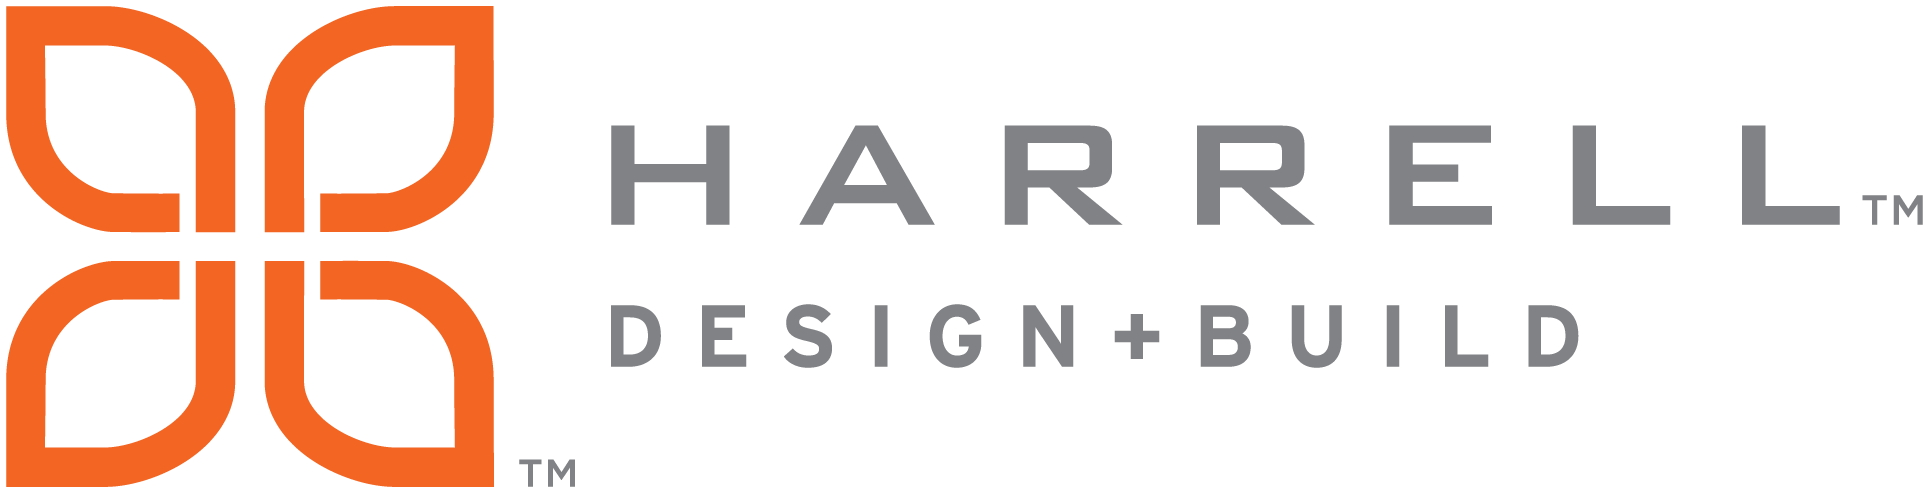 Harrell Design + Build
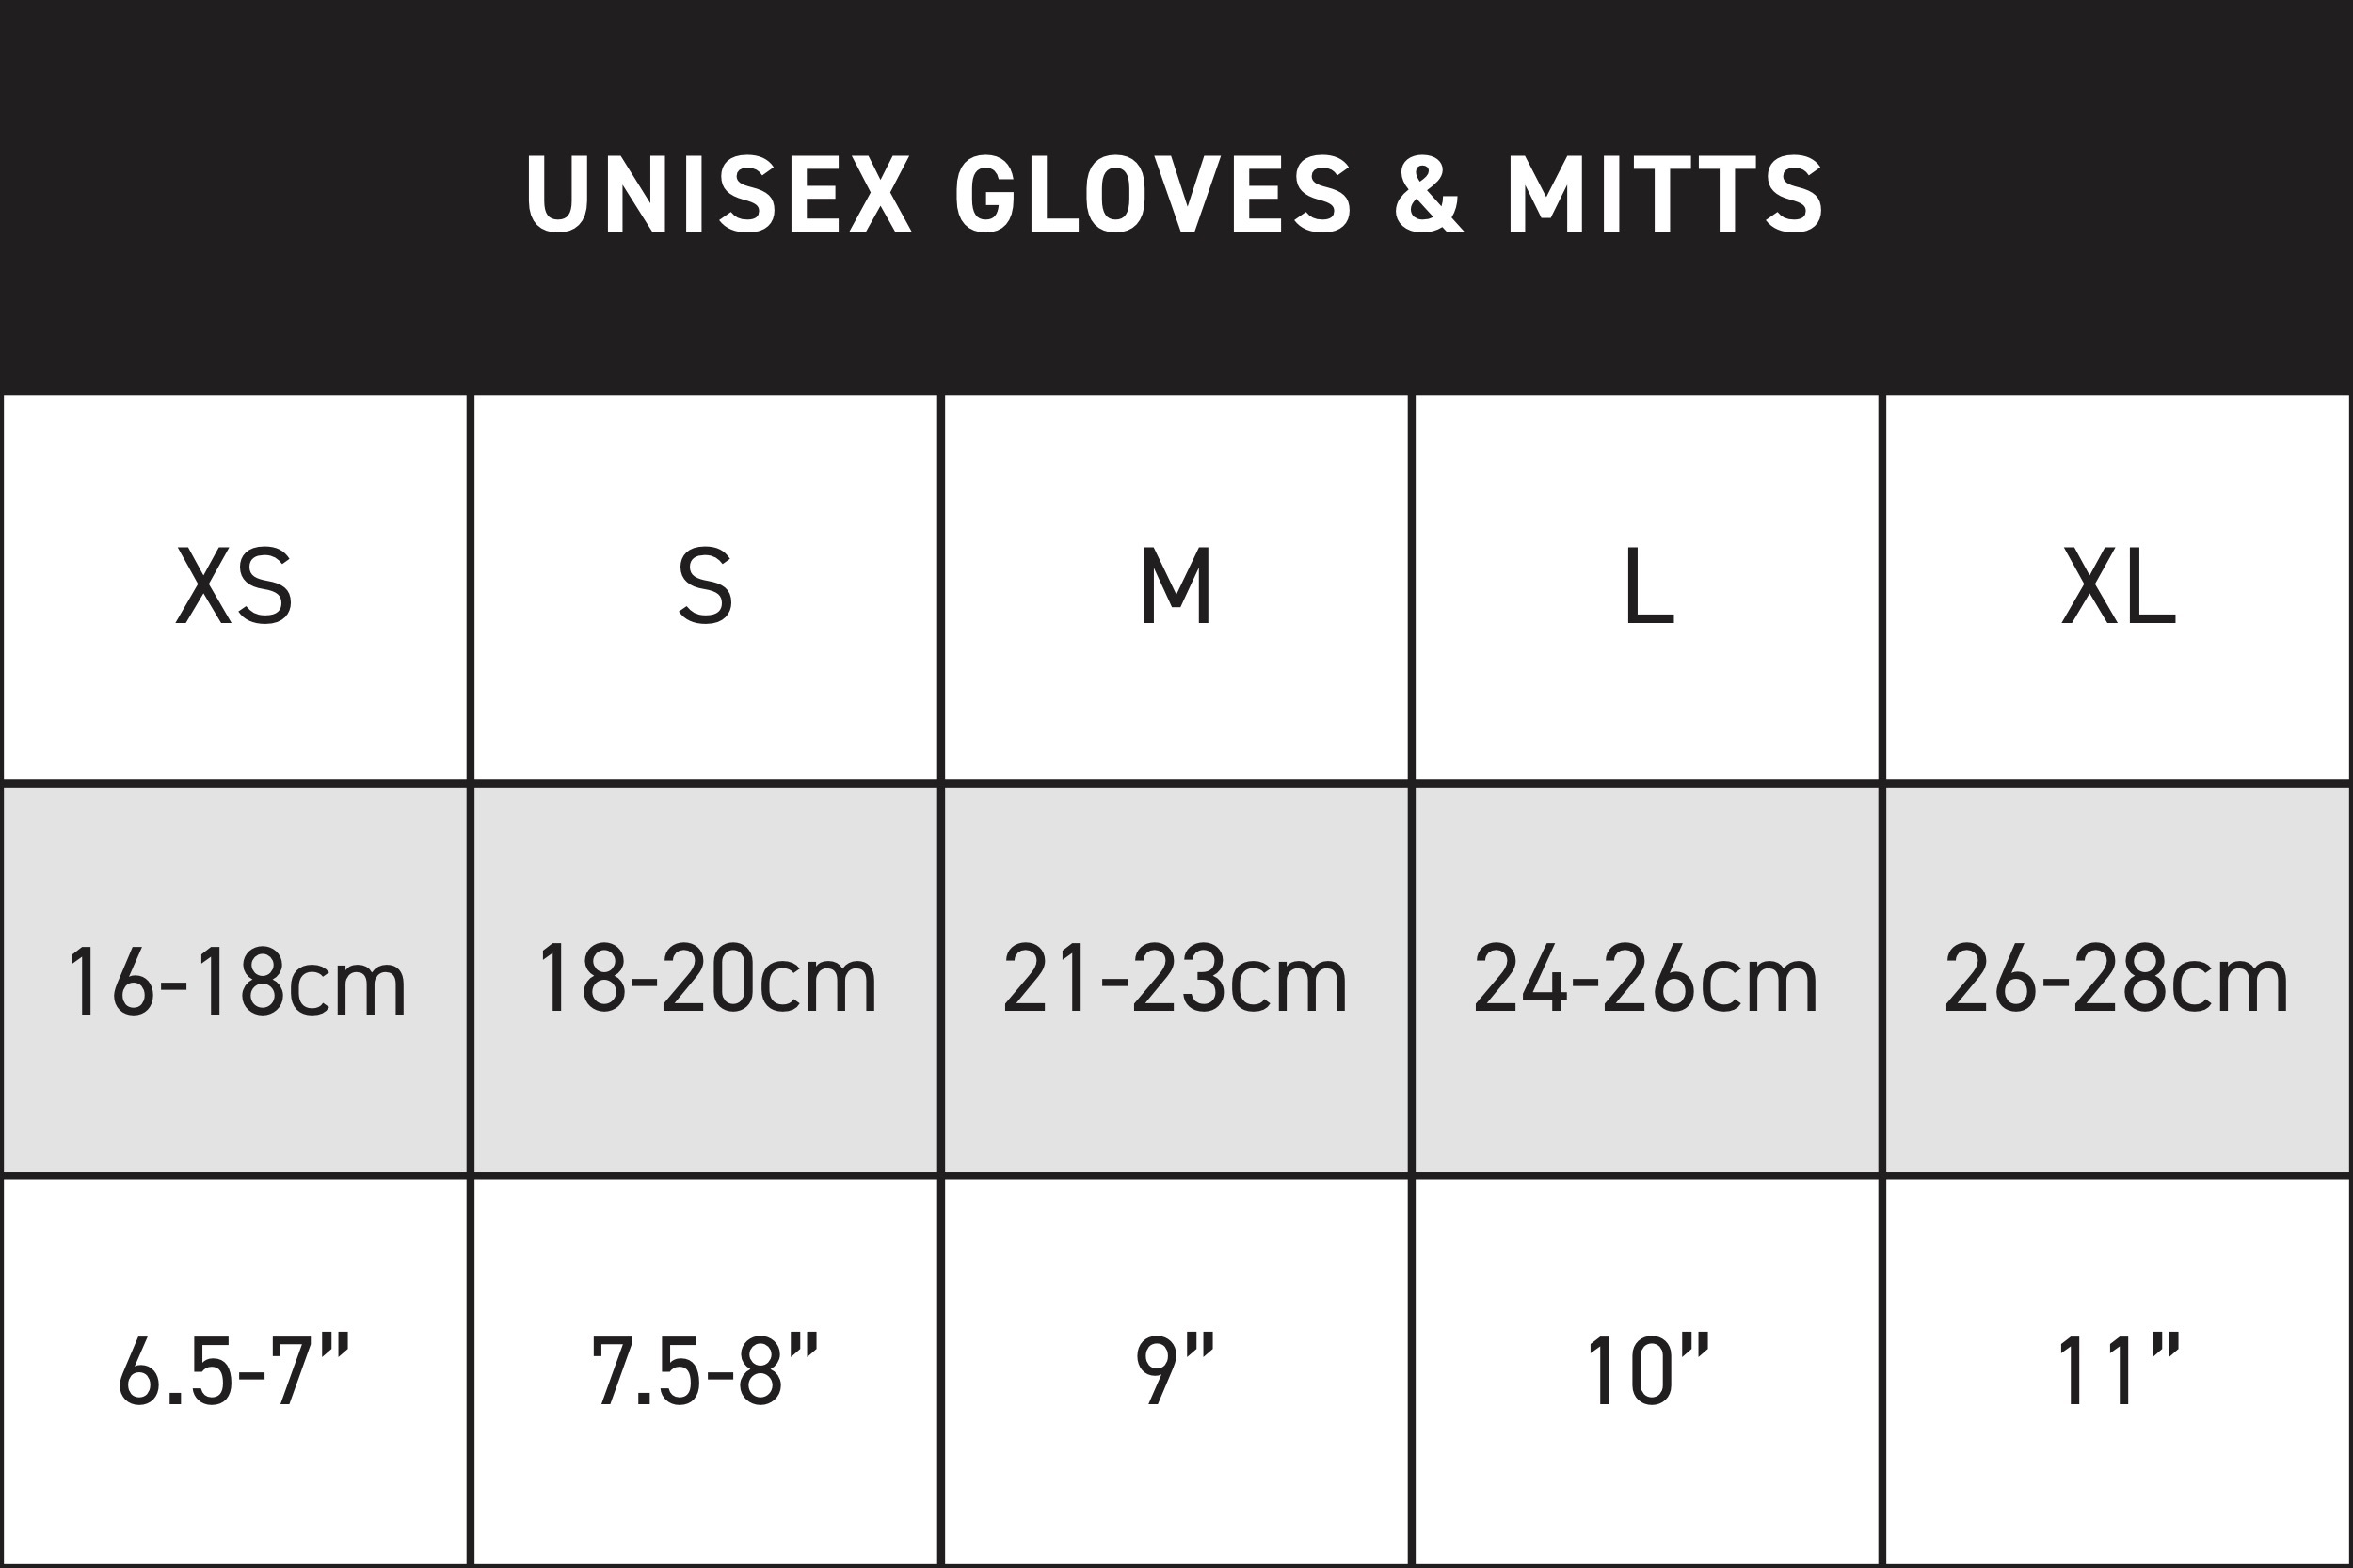 UNISEX GLOVES & MITTS
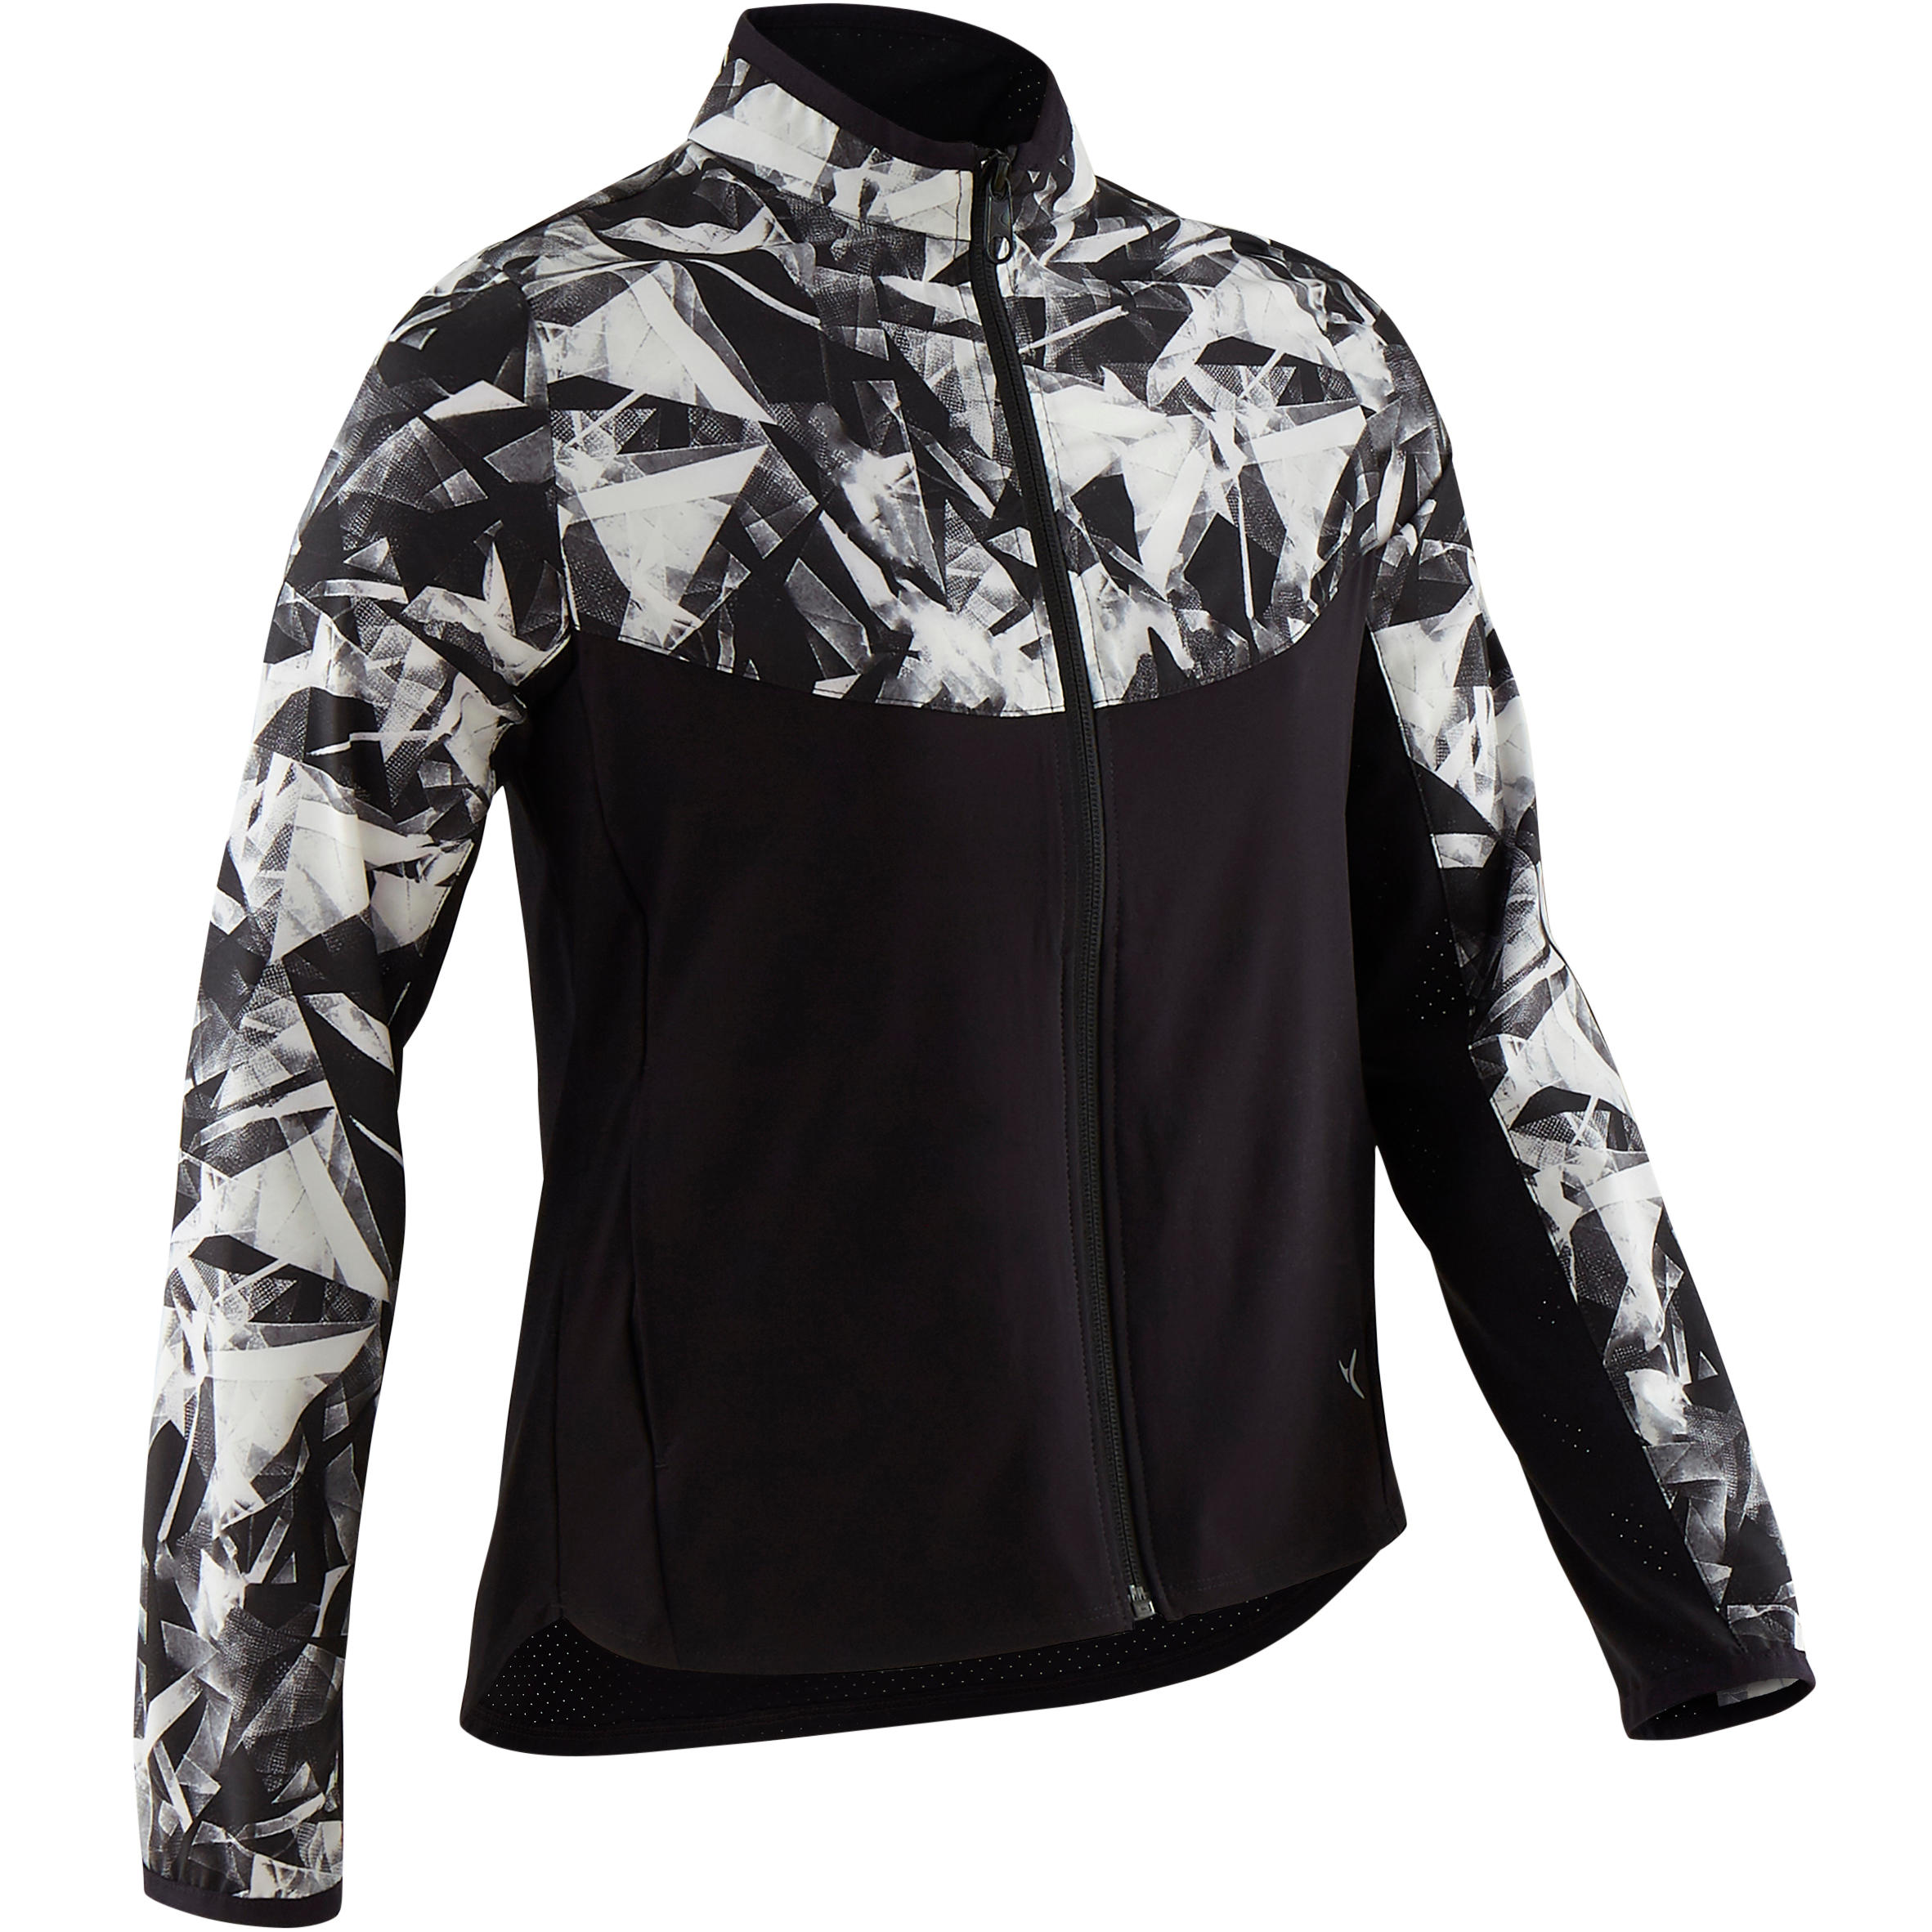 DOMYOS Girls' Light Breathable Gym Jacket W500 - Black Print

Work item. Copy the listing word for word, excluding its pictures.

Response for this exercise.
 Harrell Design + Build
 UNISEX GLOVES & MITTS
 DOMYOS Girls' Light Breathable Gym Jacket W500 - Black Print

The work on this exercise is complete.